The most hardcore pirates rarely feel the need to justify their consumption habits. For those who are a little less militant, reasons to pirate are in plentiful supply.
Whether it’s availability, price, inconvenience, not enough choice, or too many choices, there always a reason for piracy being the more attractive offer.
For their part, opponents often dismiss these reasons as convenient excuses, places to hide while defending what some believe is straightforward theft. Take the same stance against a 3pm blackout ‘excuse’ and the argument quickly hits a dead end.
Reason’s Big Brother: Justification
The 3pm blackout refers to the period when broadcasters such as SKY cannot broadcast live football to fans in the UK.
Running from 2.45pm until 5.15pm on Saturdays, the ‘closed period’ was originally put in place to ensure that the draw of major games on TV couldn’t deprive clubs in lower leagues of their significantly smaller audiences.
Support for ‘grassroots’ football may at times be presented as benevolent, charitable even, but a failure to nurture home-grown talent risks reliance on expensive imports later down the road. Short-term ‘gains’ for not reinvesting money back into the game would’ve been worth around £170 million to the Football Association according to its last set of accounts.
Grassroots engagement, not to mention engaging the entire country in football, generation after generation, is fundamental to ensuring healthy match attendances at every level; that leads to lucrative broadcasting rights upon which the ecosystem relies.
The 3pm blackout protects all of that, at the expense of locking all clubs out of a local live broadcasting market, in which they could enjoy exclusivity. Yet through artificial restriction that prohibits the existence of a potentially lucrative market, fans happy to hand over their cash have become increasingly frustrated.
Less invested fans in overseas markets are not only free to watch matches during the blackout, they do so legally at a fraction of the prices charged in the UK generally.
So, if no money is made from UK fans during the blackout, piracy could be viewed as not just a reasonable option, but a logical common sense alternative.
Can IPTV pirates offering 3pm matches hurt a market that doesn’t even exist? And when fans watch matches, is that still straightforward theft from the Premier League, for example, and if so, what exactly are they being deprived of?
“We Run On English Football Time”
For the clearest example yet that exploiting a market that doesn’t exist is a serious crime in the UK, look no further than pirate IPTV service Flawless TV.
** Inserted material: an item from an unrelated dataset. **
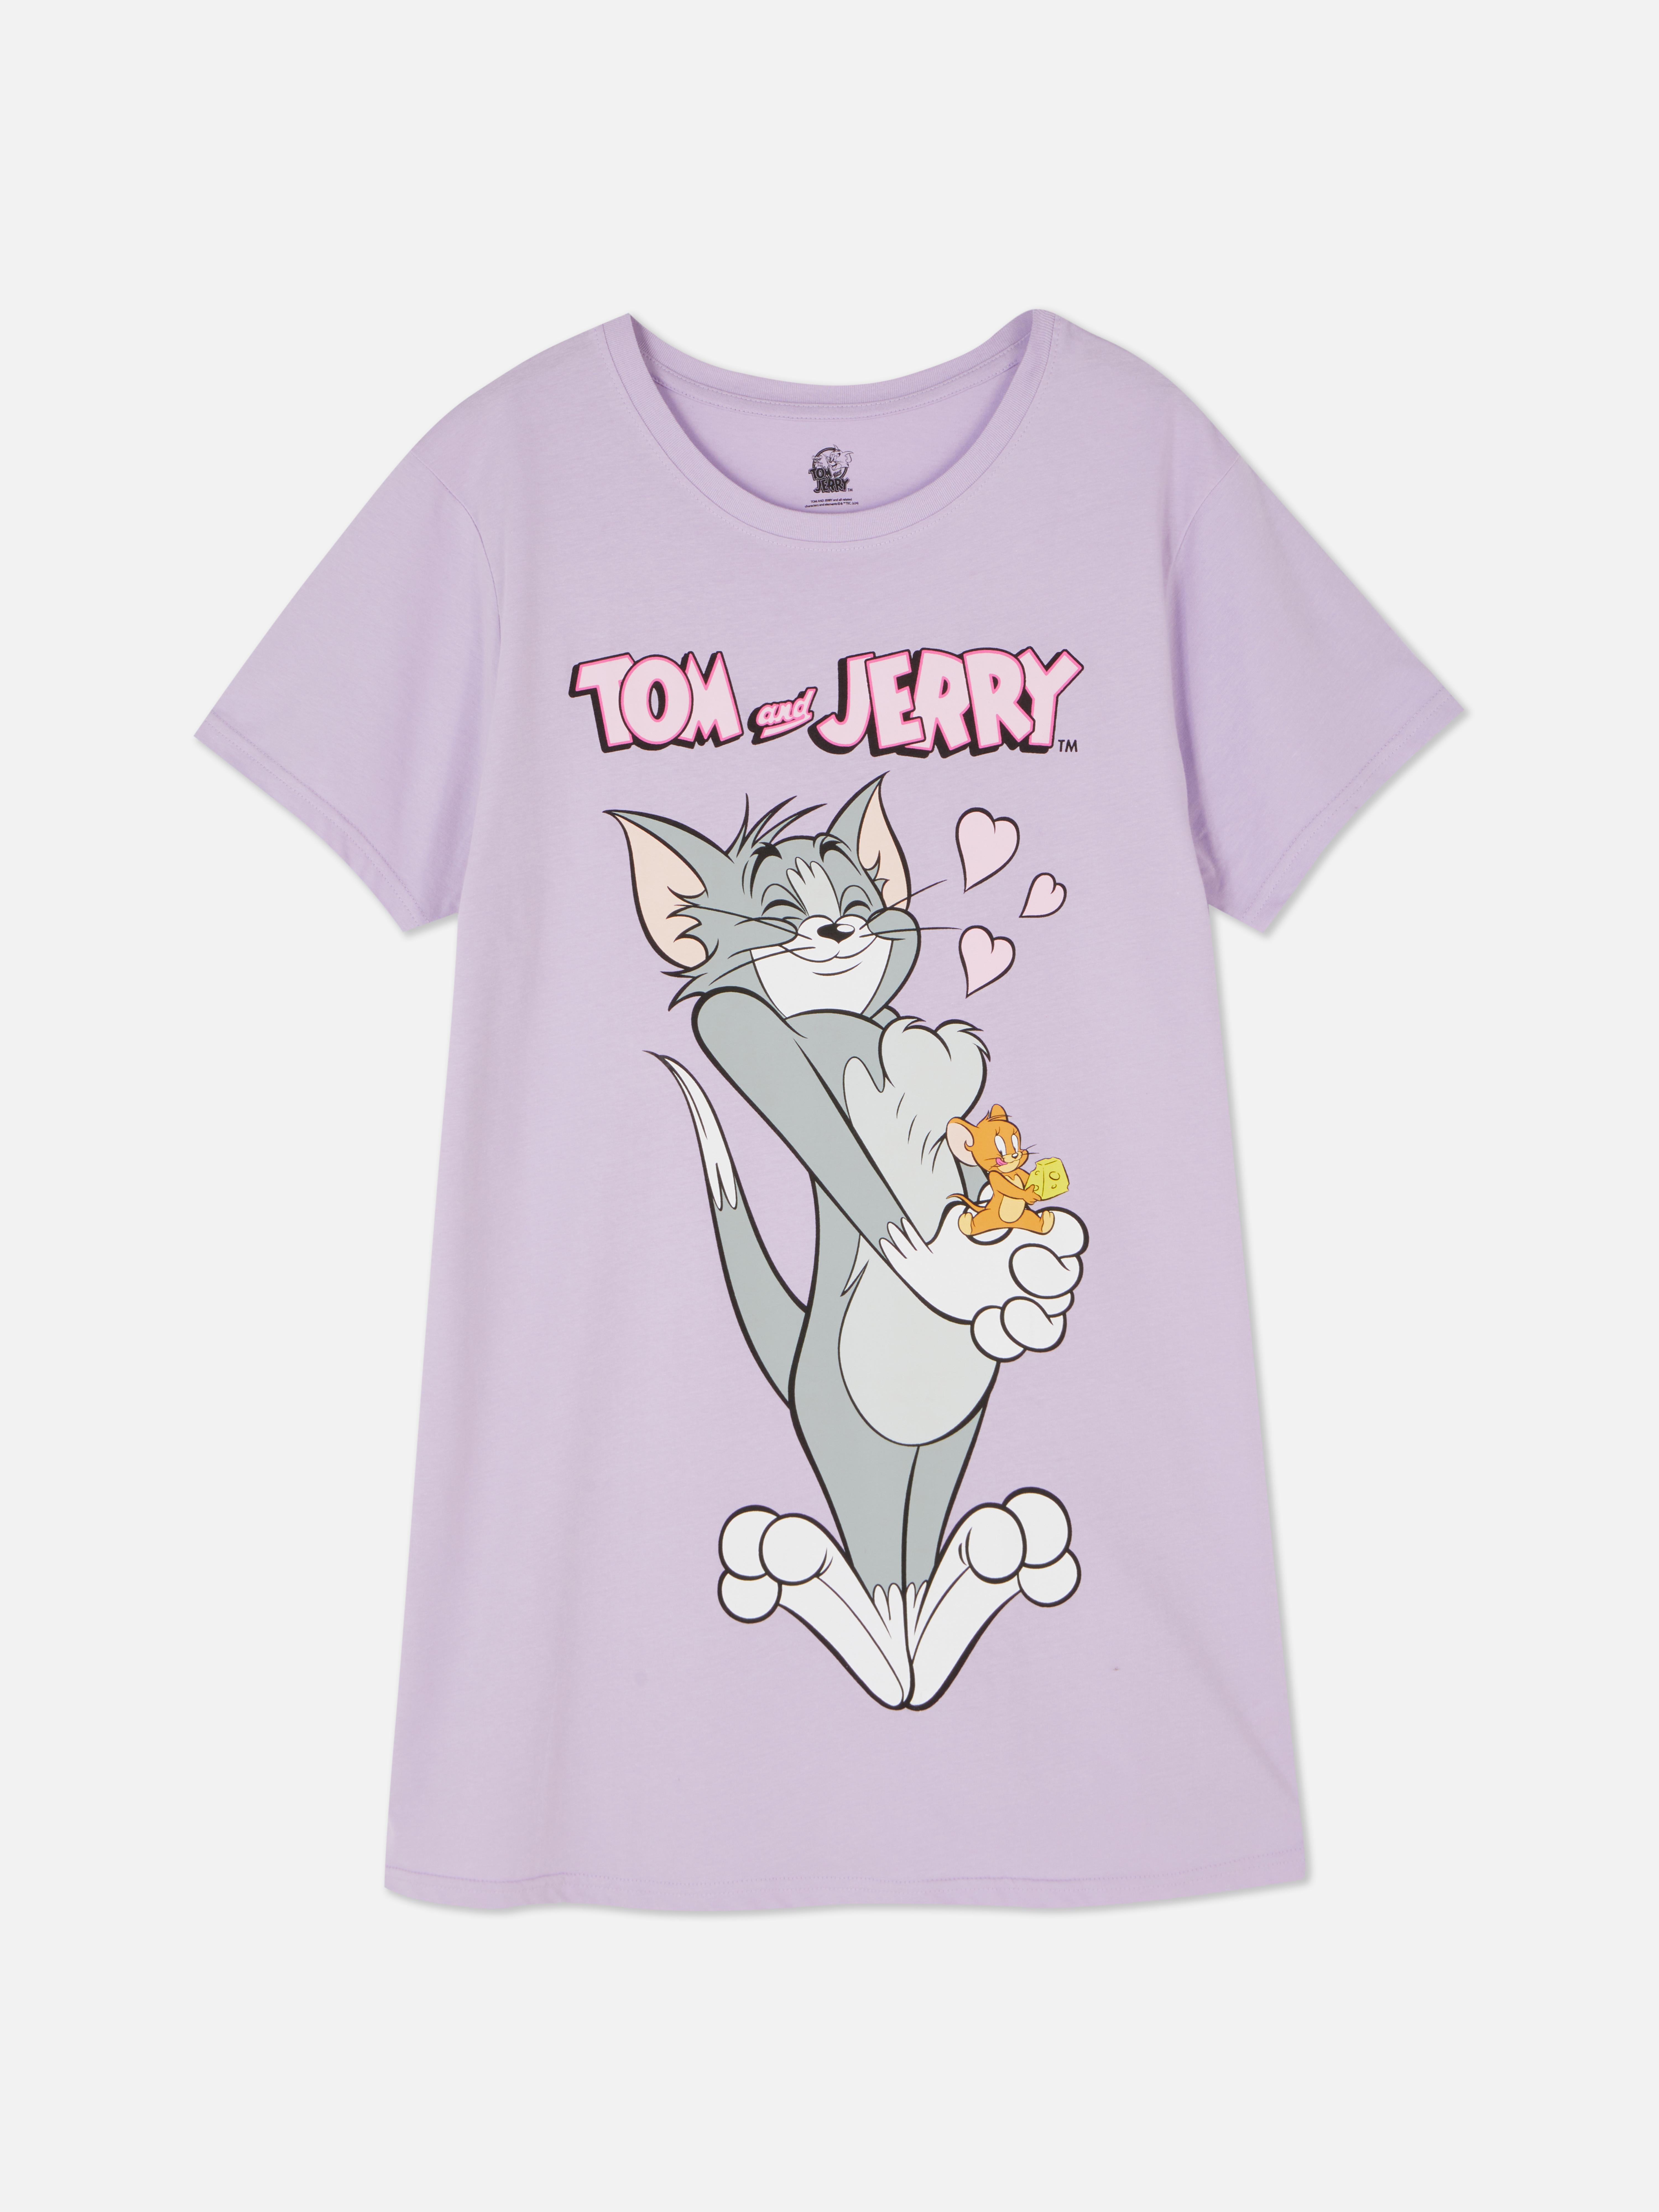 T-shirt dormir estampada Warner Bros Tom e Jerry
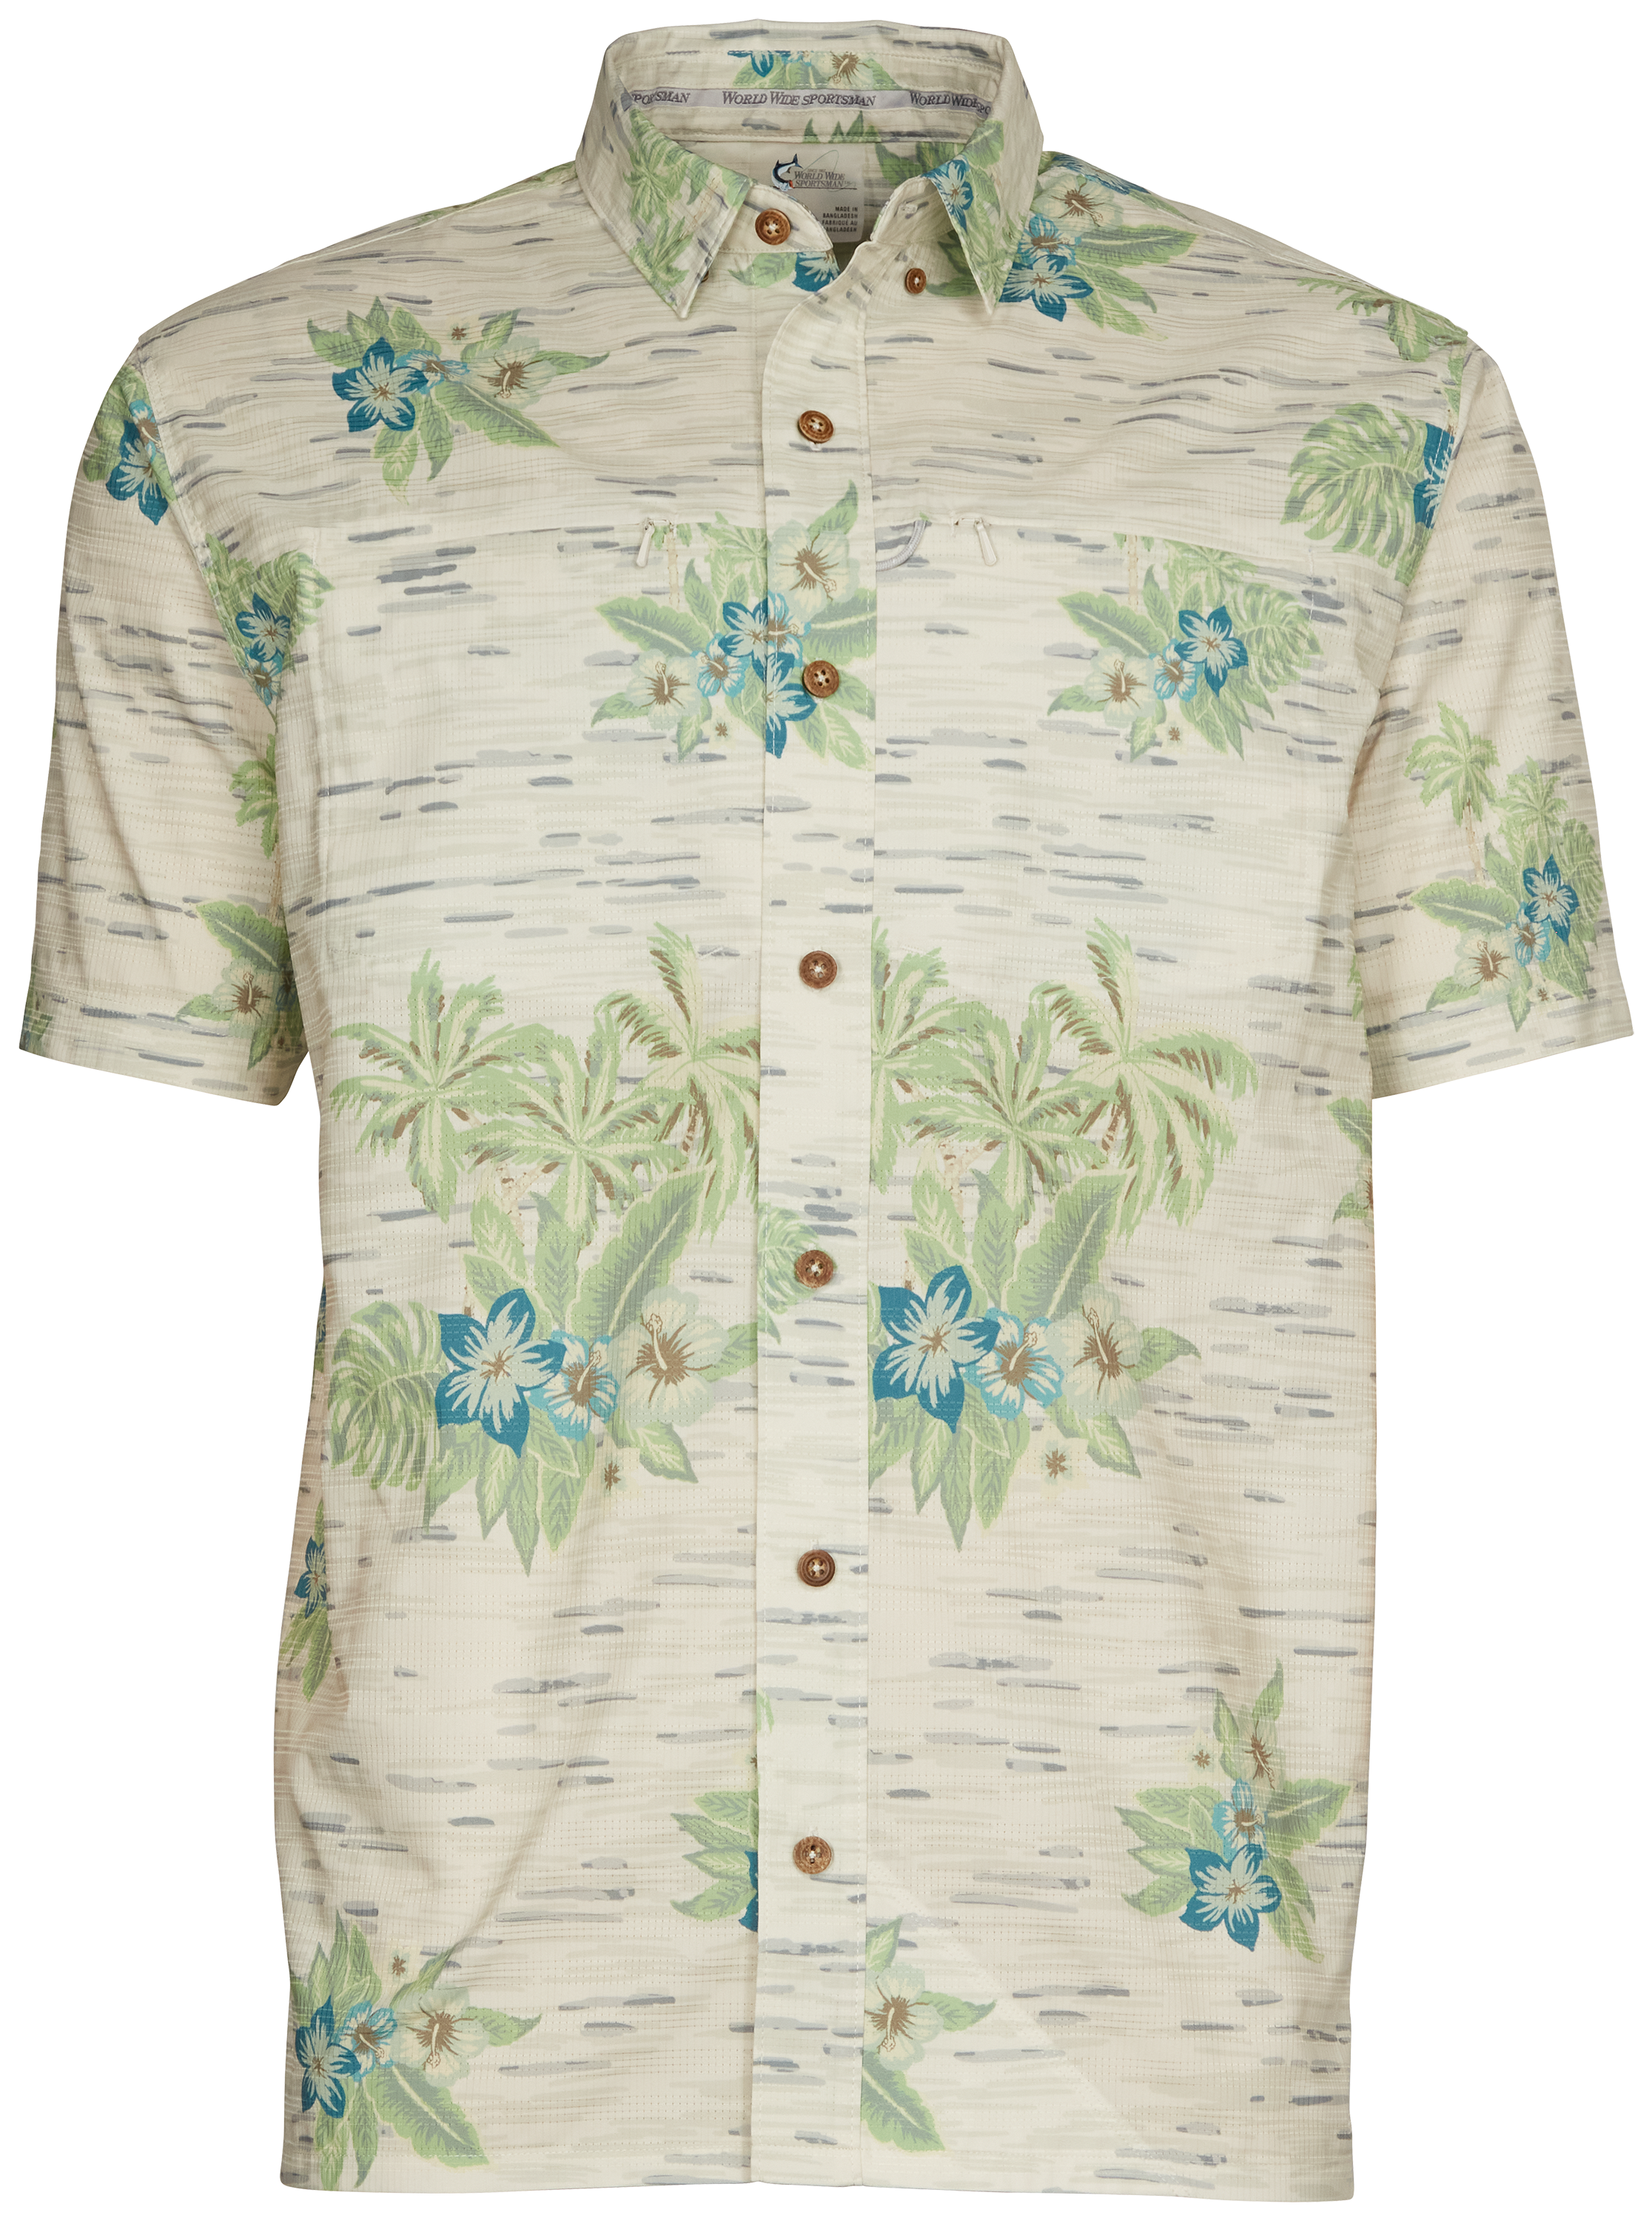 World Wide Sportsman Seacrest Print Short-Sleeve Button-Down Shirt for Men - Gray Hawaiian - L

After its operator quipped that the Flawless team “run on English football time” and it was privately recognized that the 3pm blackout was great for business, criminal prosecutions concluded that rights can’t be exploited without first obtaining permission from the rightsholder.
Excuses, reasons, and justification ultimately proved no match for custodial sentences totaling more than 30 years which in practical terms, failed to solve the problem. Pirates don’t just exploit artificial restrictions, they thrive on them. If there was a gap in the market, it didn’t stay that way for long.
Light at the End of the Tunnel
Speaking to the press at Sky’s Premier League launch event this week, Sky Sports chief Jonathan Licht added momentum to what some believe is the beginning of the end for football’s 3pm TV ‘blackout’.
“There’s clearly a direction of travel and lots of conversation about Saturday 3pms, and I think that will perhaps increase as we go through this cycle,” Licht said. “It’s a conversation that’s coming.”
Talking is clearly important but admitting that a problem exists should make the conversation a little less complicated. This week, Licht effectively admitted that the restriction fuels piracy, arguably football’s biggest problem.
“It’s fair to say that 3pms have been a point for piracy coming into this market from various places,” he said.
Piracy Profits From Exclusivity
Some might argue that refusal to serve an exclusive market is why exclusive markets shouldn’t be allowed to exist. That’s a whole new conversation but purely from the perspective of loyal fans, it actually does something far worse; it provides unrivaled justification for piracy and a gateway to even more.
When fans offer their money and it’s refused year after year, pirate subscriptions and web-based streaming sites don’t just solve the 3pm Saturday problem, they continue to work all week.
“There’s a real concern that despite the illegality and links to organized crime, [piracy] has been normalized. That’s dangerous for everyone, the industry and rights holders,” Licht said. So what can be done?
“It’s all of our responsibility in the industry to tackle piracy, whether that’s lobbying big tech or engaging government,” Licht said.
Controversial, perhaps, but is listening to the fans still an option?